- **Your objective**
Only the lines below between the one holding "30 Pieces H4" and the one holding "CRISPR Tools Help to Detect Illnesses", inclusive, are to be reproduced word for word; the pictures are to be left out.

- **Recorded data**
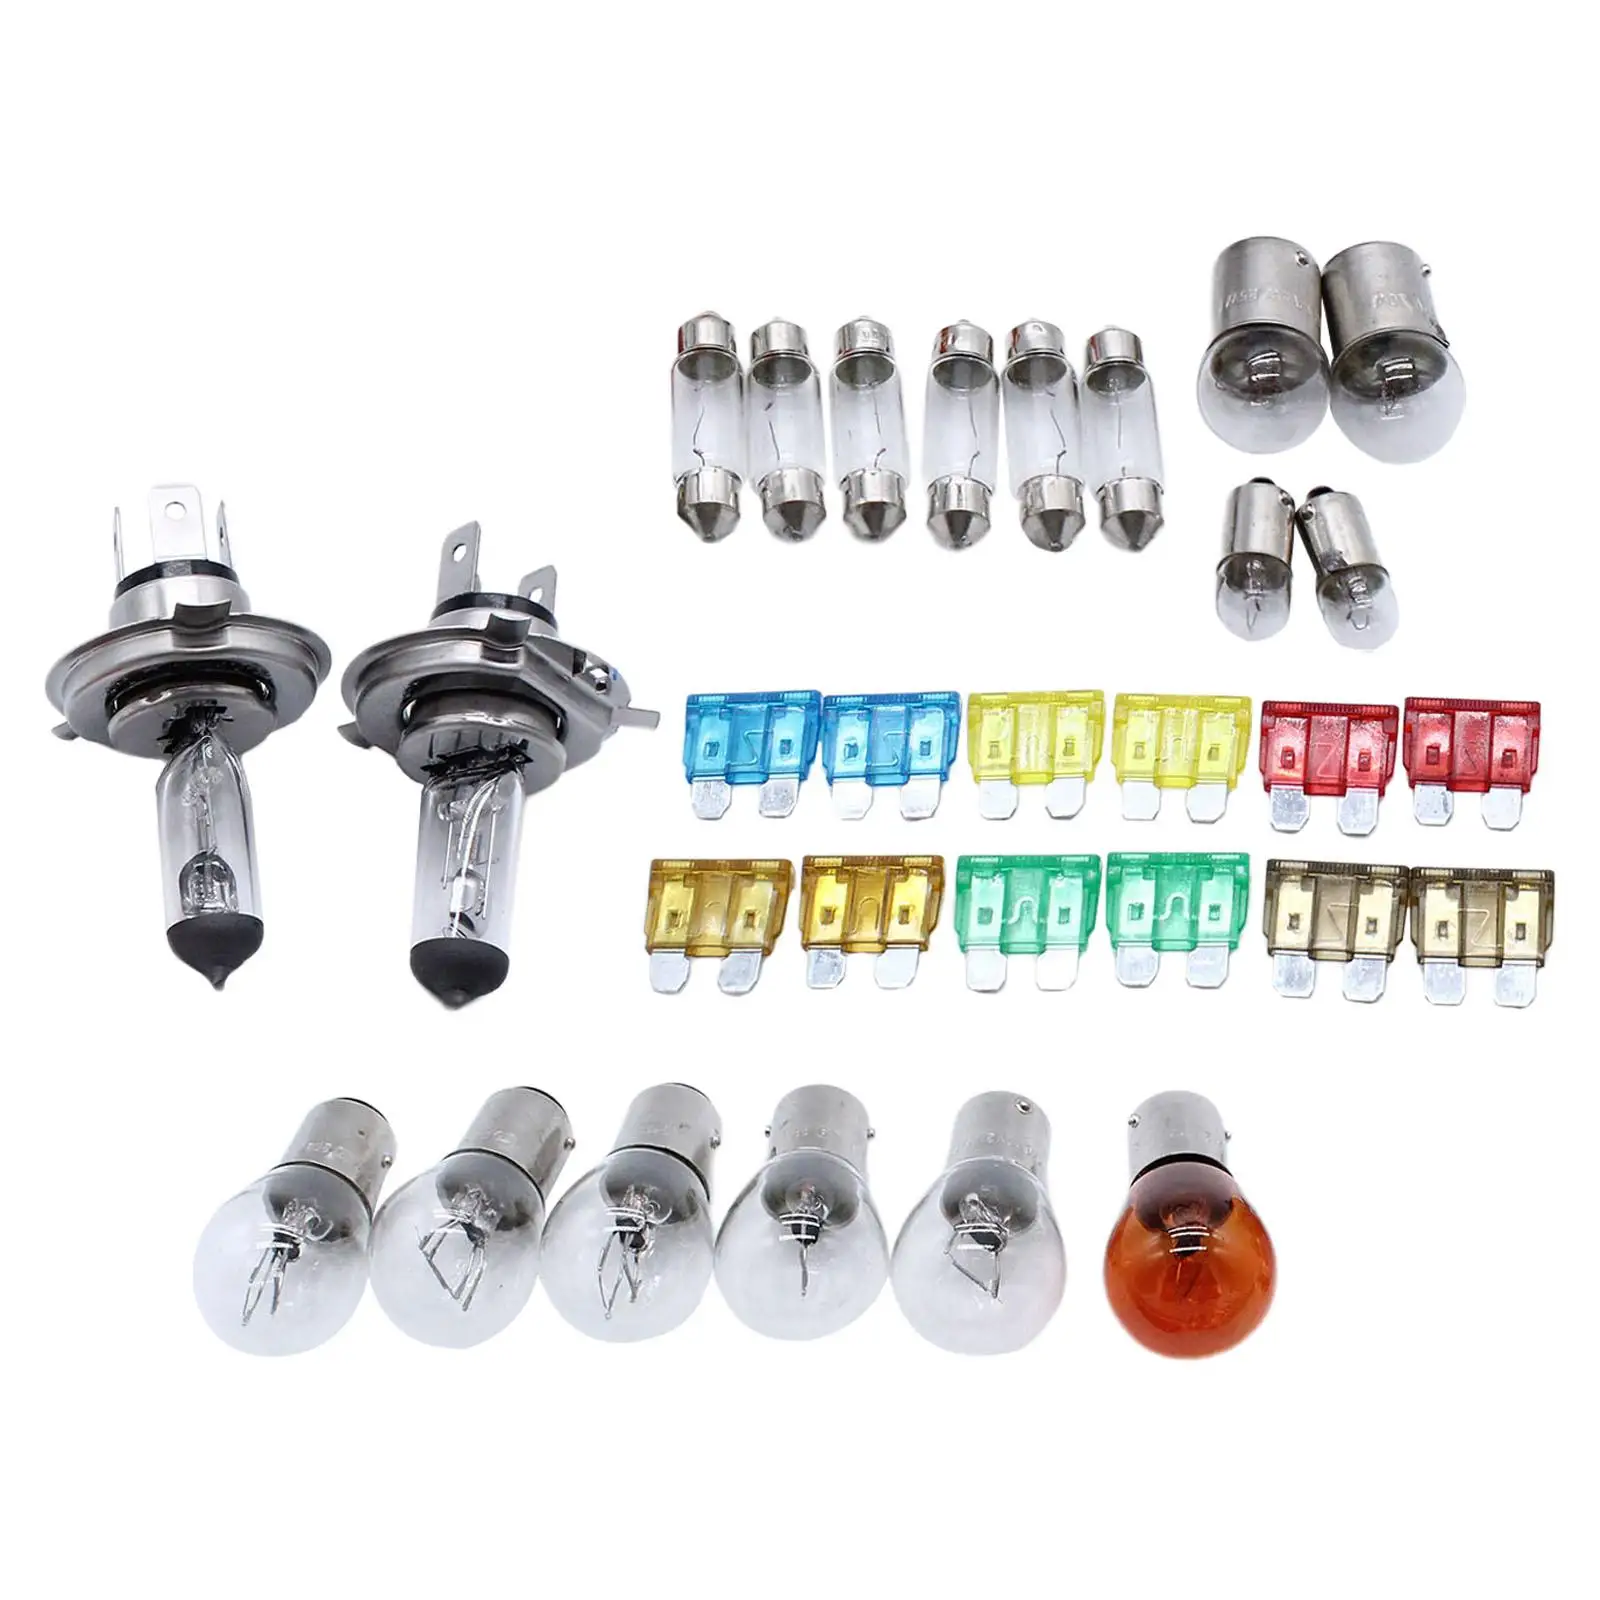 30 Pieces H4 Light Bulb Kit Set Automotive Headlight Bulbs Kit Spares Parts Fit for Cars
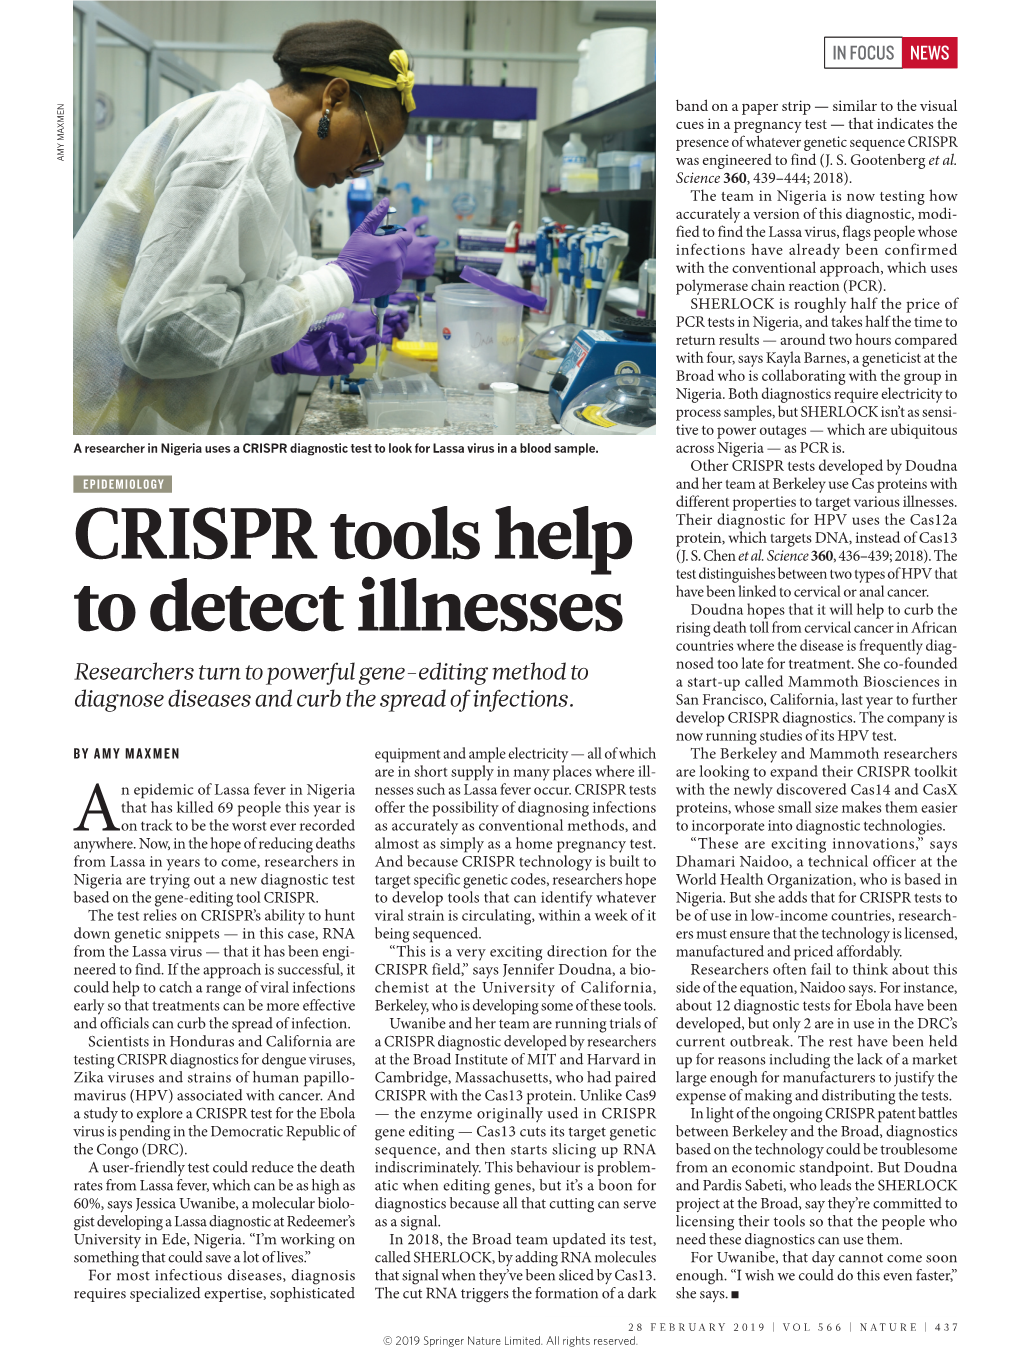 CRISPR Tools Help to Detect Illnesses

---

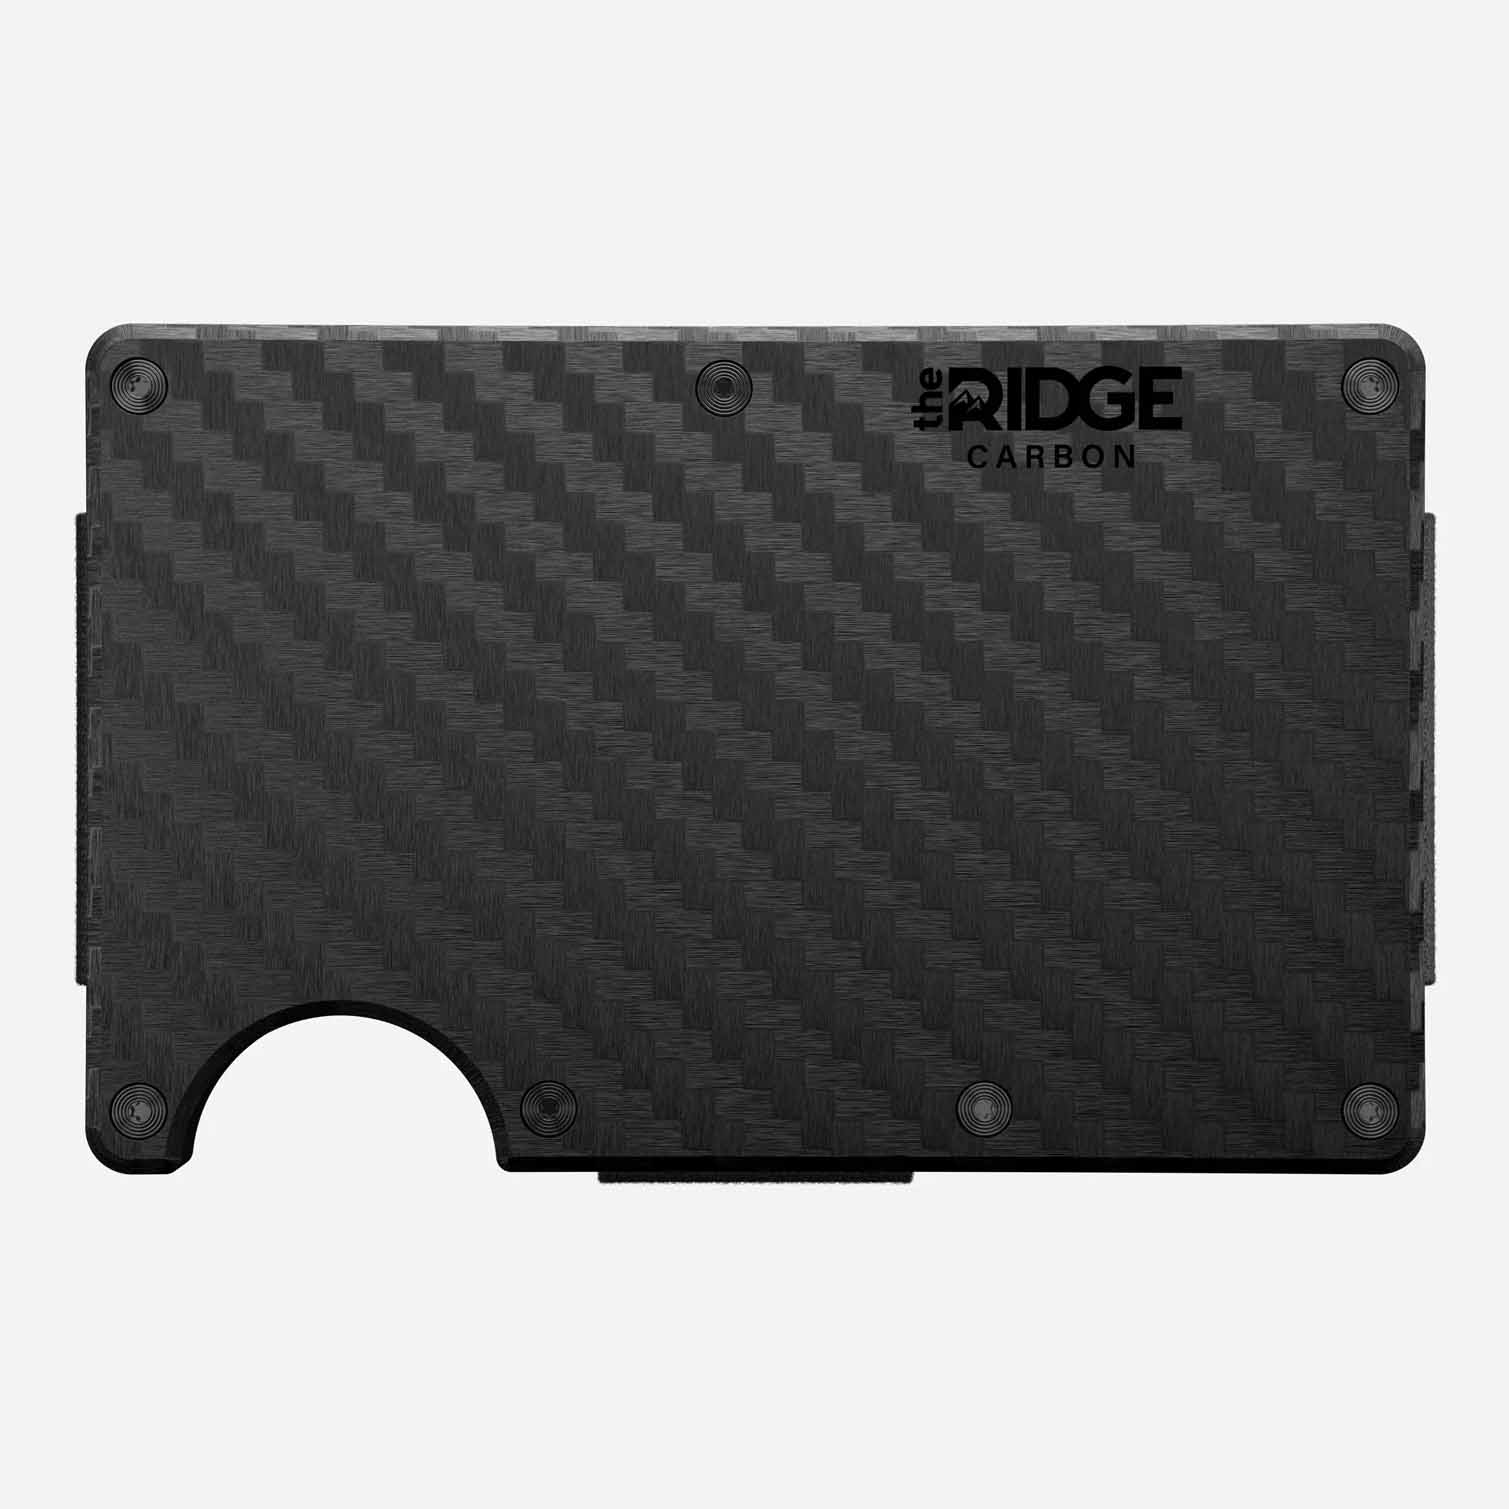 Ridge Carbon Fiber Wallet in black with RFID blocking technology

- **Answer area**
 30 Pieces H4 Light Bulb Kit Set Automotive Headlight Bulbs Kit Spares Parts Fit for Cars
 CRISPR Tools Help to Detect Illnesses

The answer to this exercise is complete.